The second thunderstorm just rolled through about an hour ago, and I had the pleasure of watching this one from my window, on the 15th floor. For quite a while, I just got to watch the lightning display a few miles in the distance, which is quite humbling; the scale of these storms is truly awe-inspiring. I occasionally try to imagine what the landscape might have looked like hundreds of years ago, prior to the arrival of Europeans (though, obviously I wouldn’t have the benefit of a 15th-story view at that point), and a huge force of nature like a massive thunderstorm seems appropriately connected to such a landscape. I’m not really trying to say anything particularly profound with this … just one of many disjointed thoughts I have. I guess I’ll just wrap this up by noting that I find some strange pleasure in getting completely soaked by a warm summer downpour … as long as I don’t have anywhere I need to be. I think it’s related to the aspect of surrender and acceptance, and then watching others make futile attempts to stay dry.


This is clearly the nerdiest of the three random topics I decided to address tonight, and perhaps the topic on which I’m least qualified to speak. Luckily for you, that means that I’m not actually going to speak in very much detail about its specifics, but rather the tangent through which I happened to be thinking about this.

I was at a punk concert on Saturday at Triple Rock (punk isn’t really my scene, but a good friend was really looking for someone with whom to go, so I agreed), which led to some prime people-watching. During the course of my observation and reflection (while the show was going on, yes), I started pondering how it was that we’d managed to get from the point of a single prokaryotic cell to multi-gigabase eukaryotic societal creatures capable of joy and depression, love and hate, fascination and boredom, and astounding focus/productivity and crippling listlessness–all in the same person. Complexity of this level amazes me. That’s not to say that I’m going to quit my day job and go get a PhD in genetics, or biology, or psychology, or anything like that, but I like thinking about it. And I hate thinking about it. I end up in loops about thinking about thinking, wondering about wondering, etc. I think my eventual resolution whenever I get into this is that humanity is absurd, and I’m absurd. (Don’t worry; you’re ok, though. :p)

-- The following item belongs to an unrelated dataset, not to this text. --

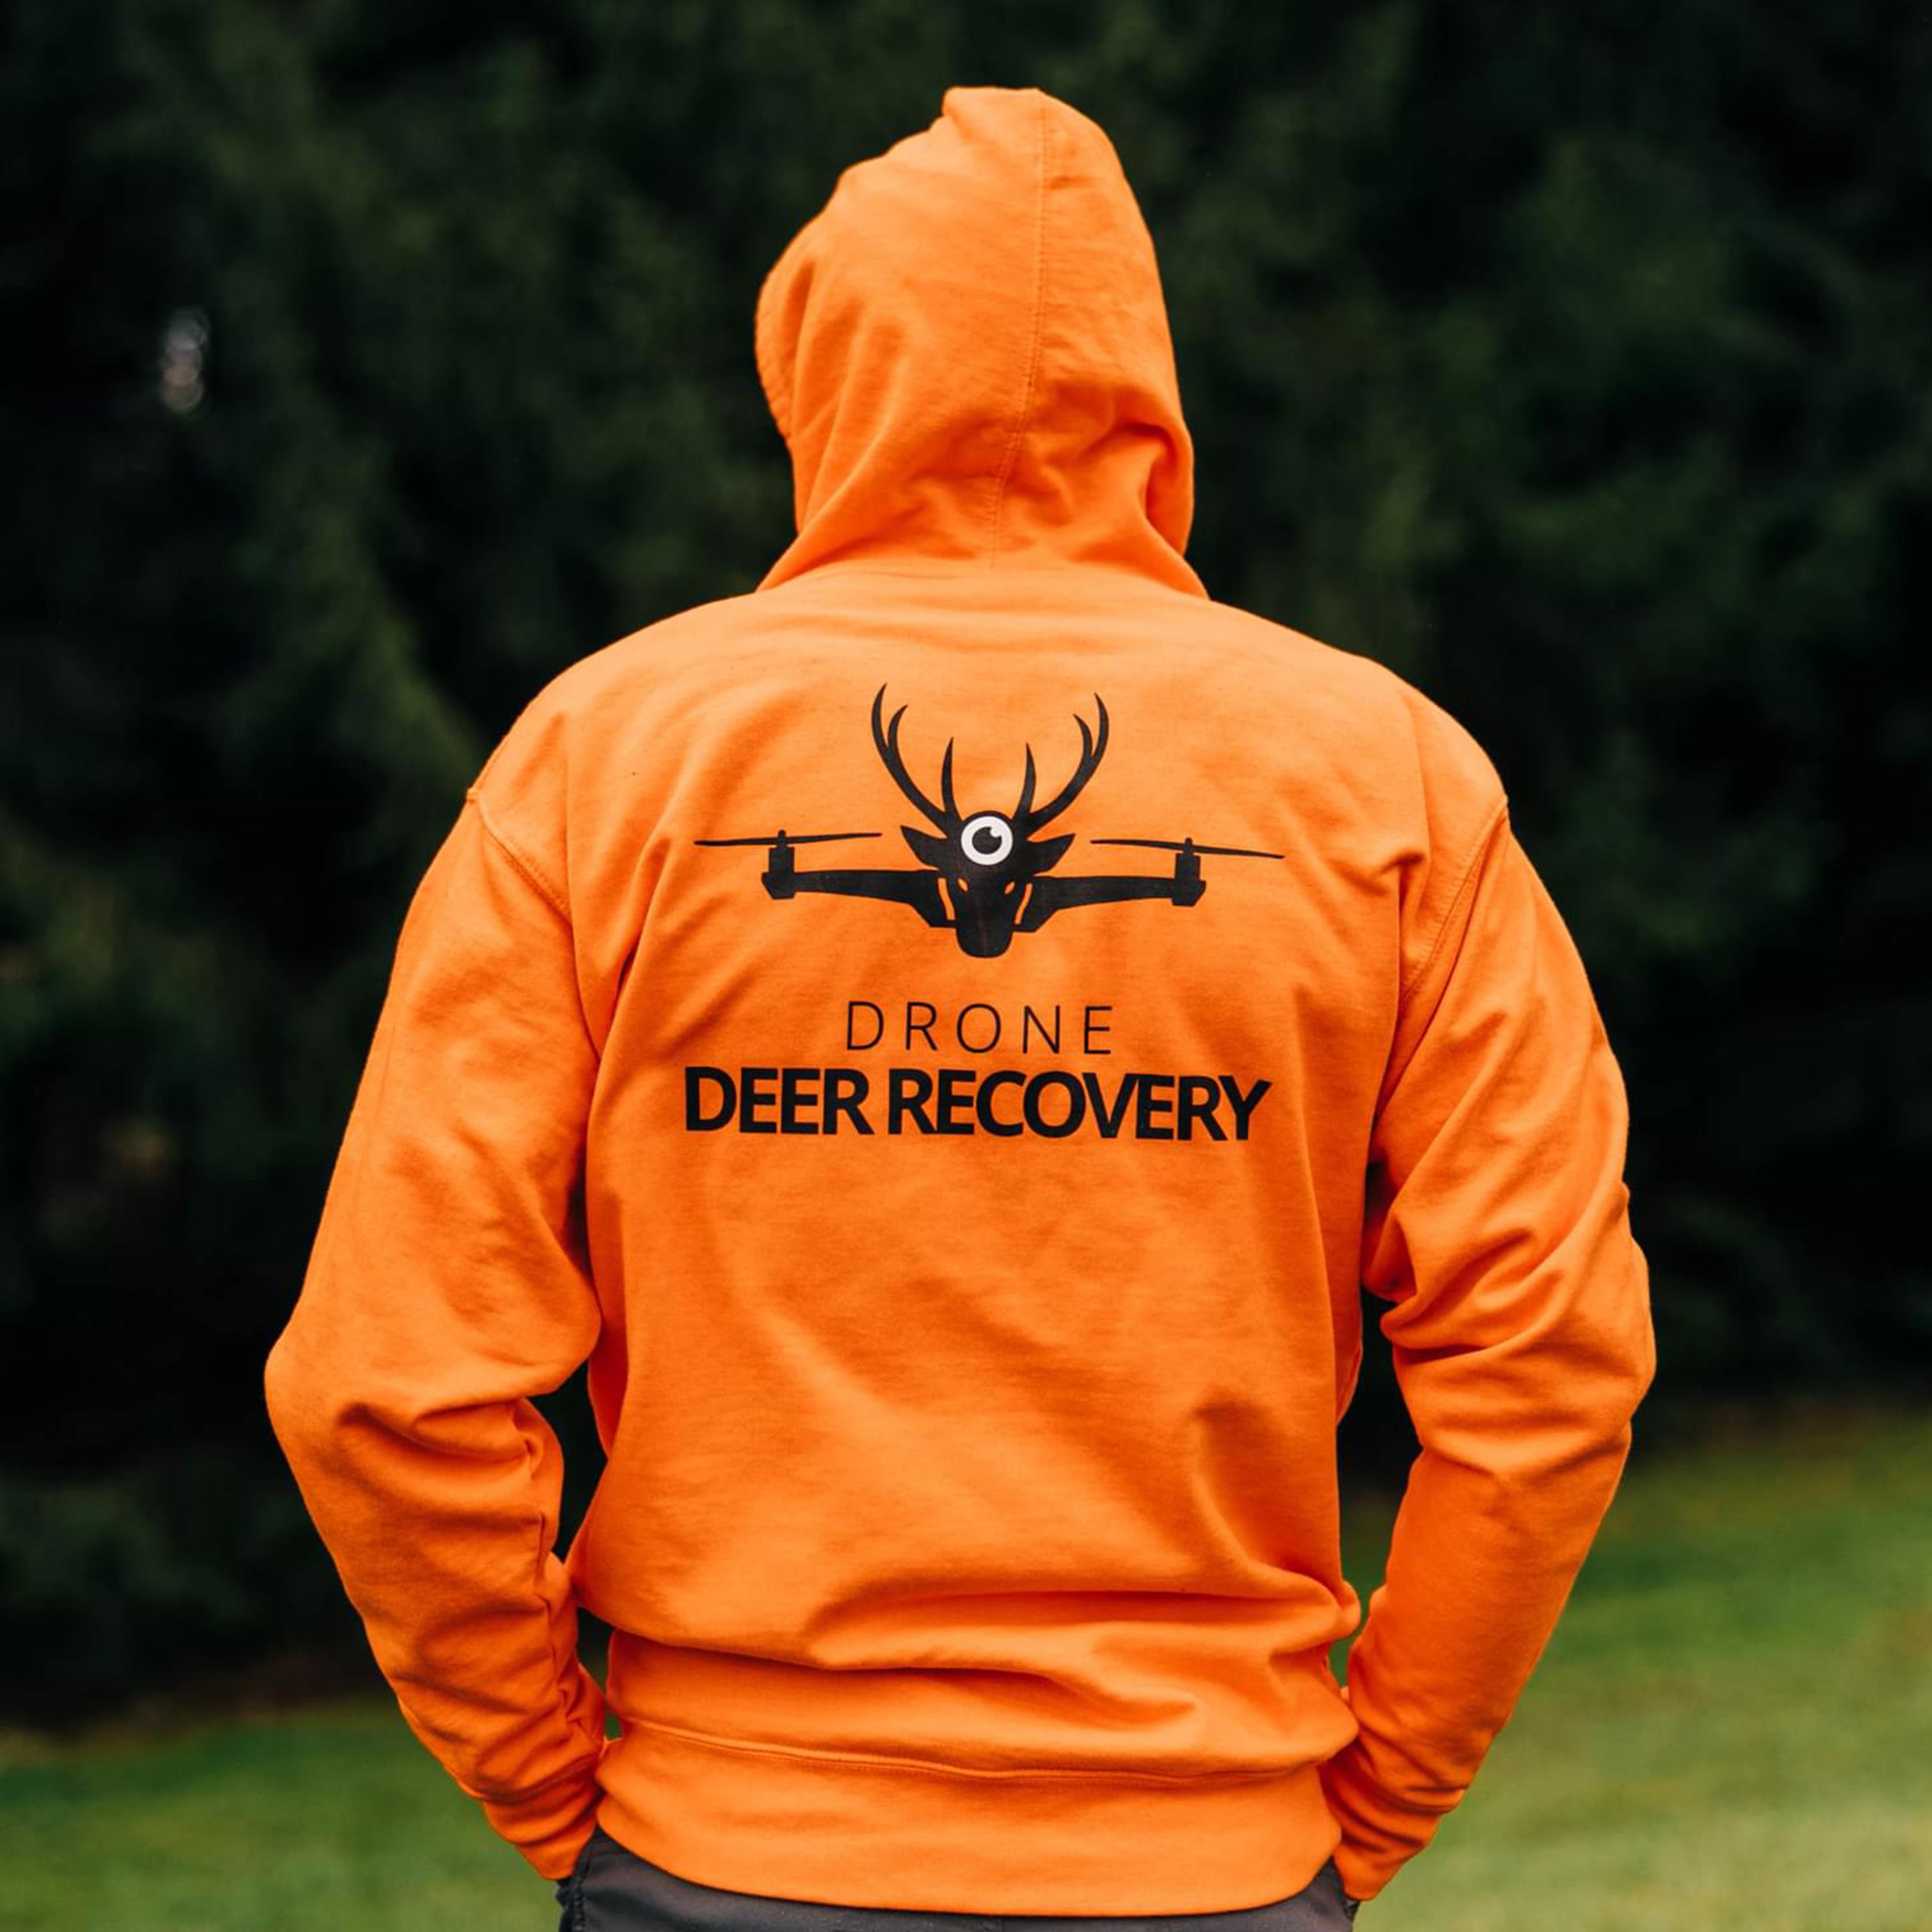 The Original Drone Deer Recovery Hoodie
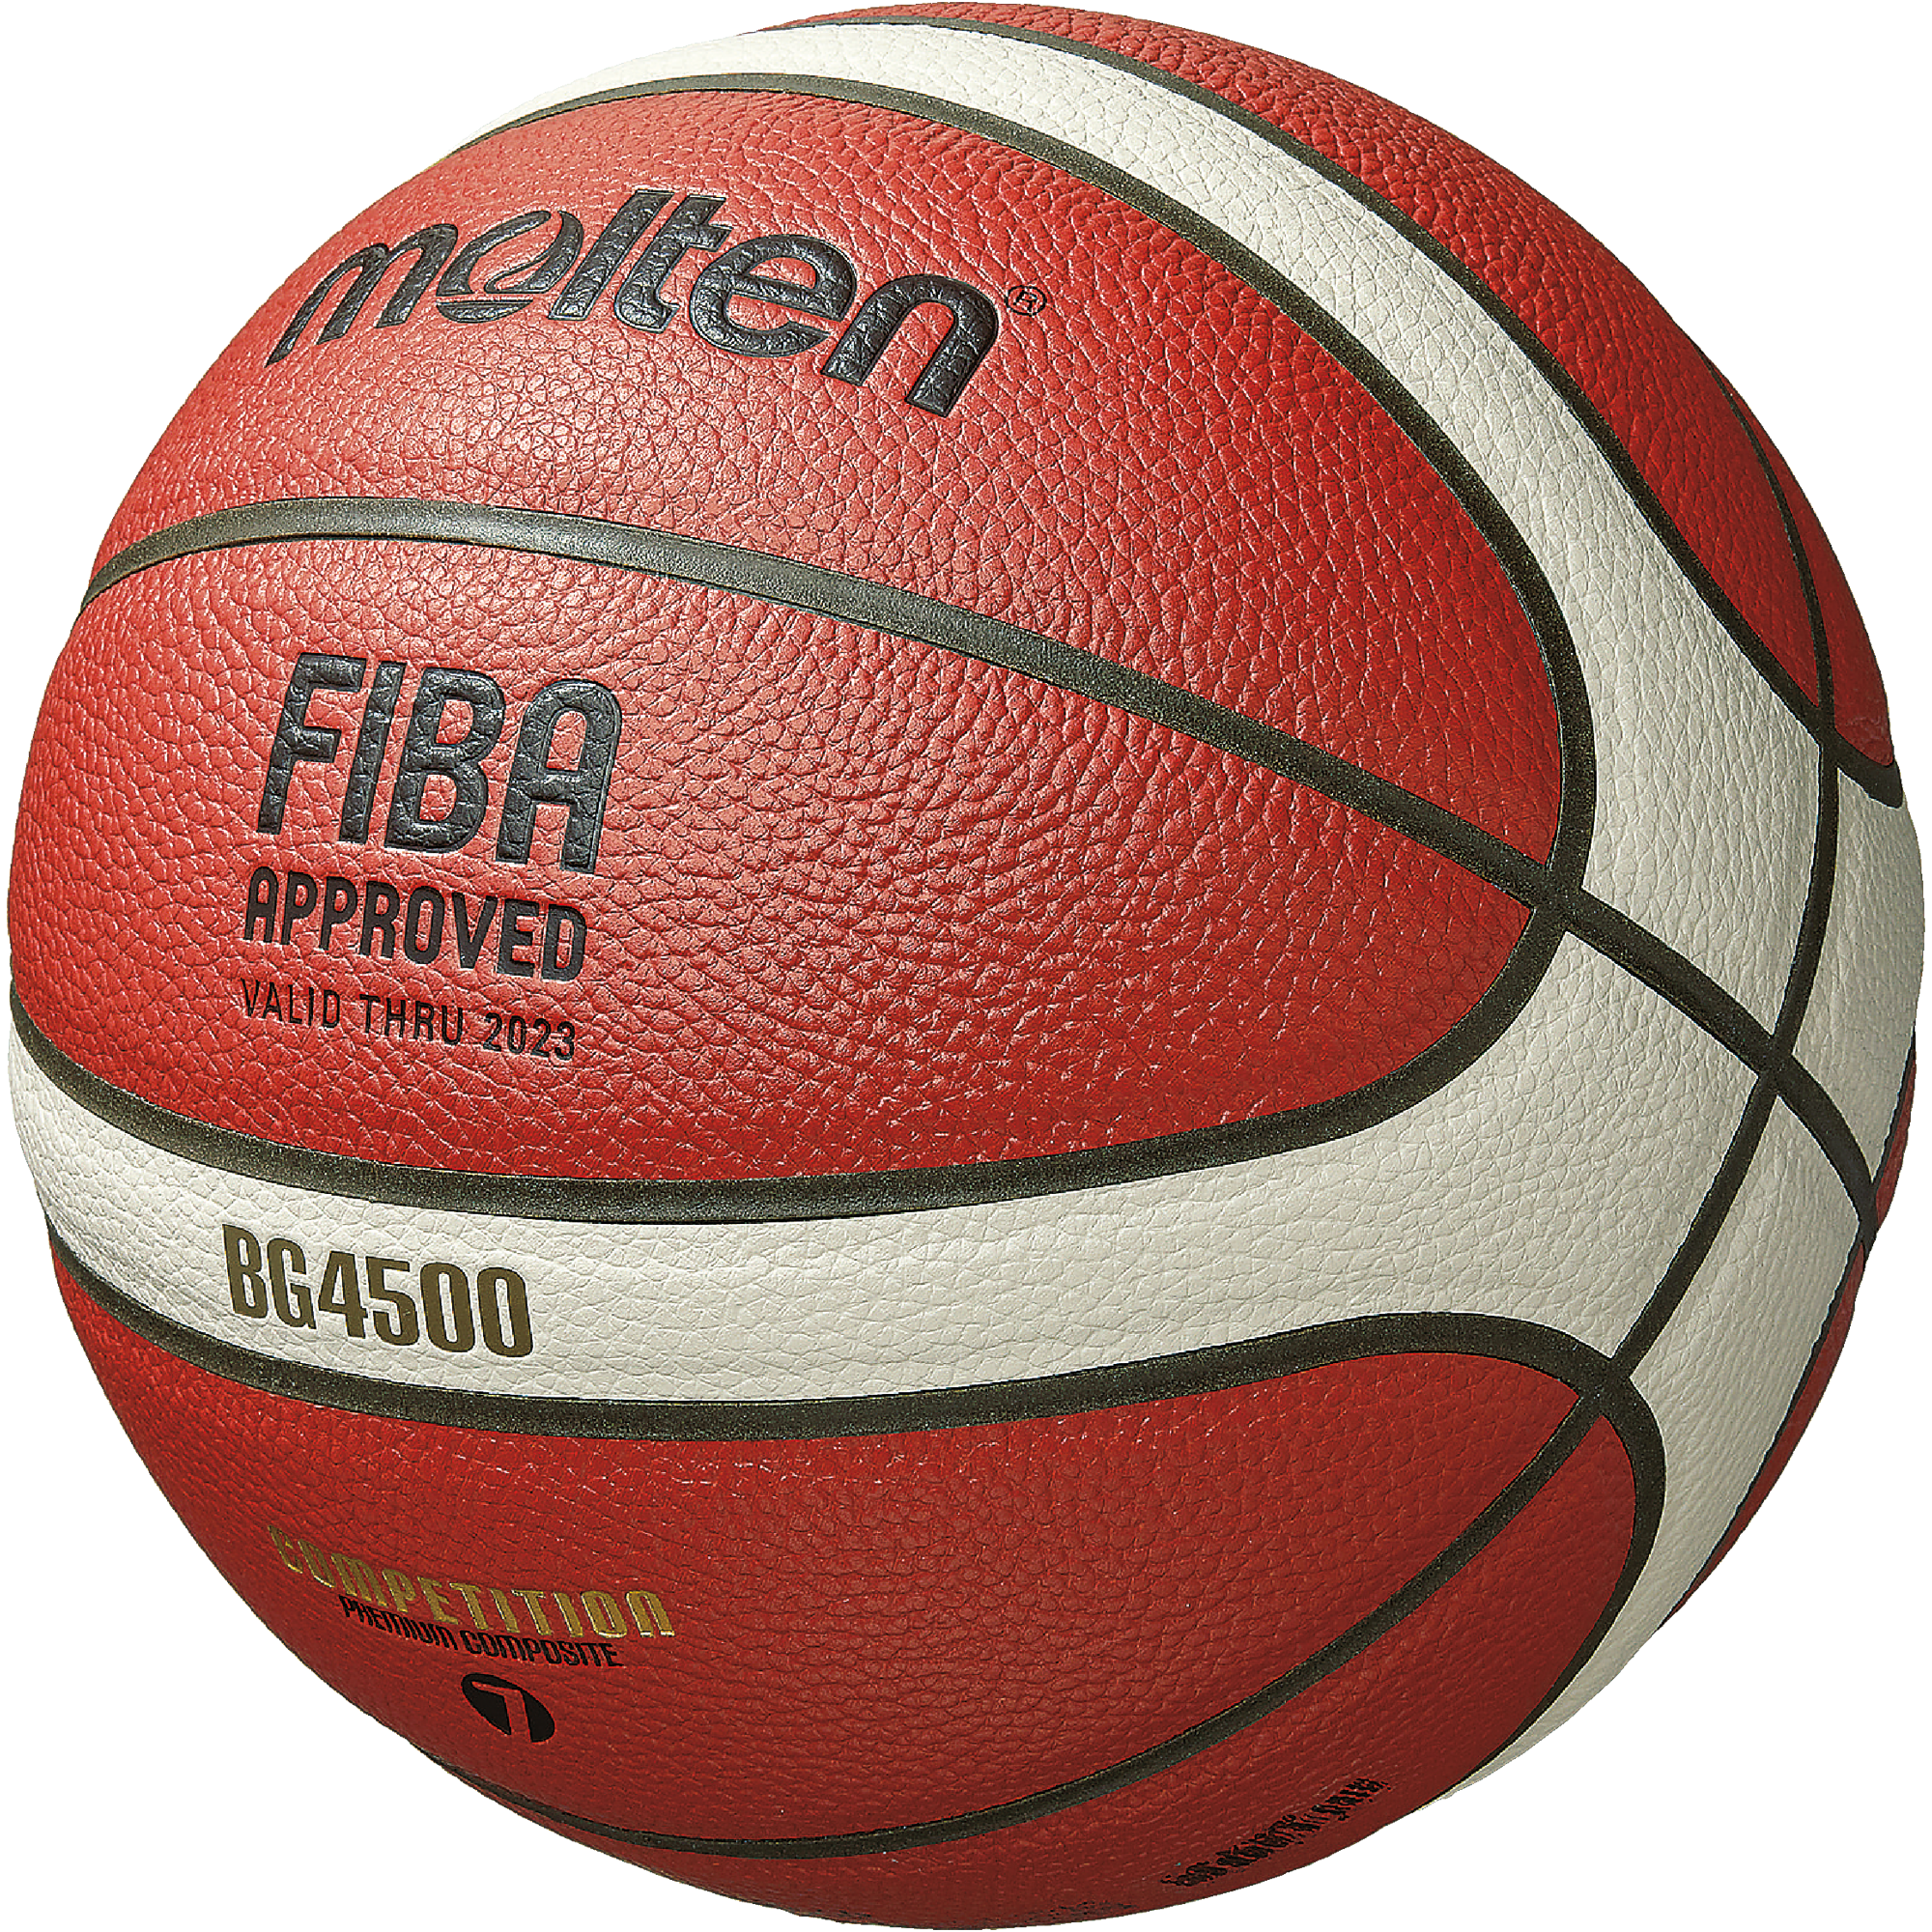 Basketball Gr. 7 | B7G4500-DBB

I do sometimes think that we’re just marginally too smart for our own good. We figure out how to burn coal and oil for great momentary benefit, but, on the whole, seem to ignore the possibility that we’re running out of this finite resource, and potentially thrusting our climate into an irreparably altered state or worsening feedback cycle. We develop fantastic advances in technology, and use much of it to oppress, harm, or even kill others in various manners. We’re capable of love, but it can be so elusive, and the path to it so painful.

If we were marginally smarter, would we solve all these problems and avoid all this societal, environmental, and personal pain? If we were marginally less smart, would we have never run into these problems in the first place? I don’t have answers to these questions, nor a solution even if I did have those answers. We are here now, and we have to work with what we’ve got; I just have to do what I can, where I can, to help our big picture. And I have to aspire to improve myself, find happiness, and bring happiness to those around me. Does that seem reasonable?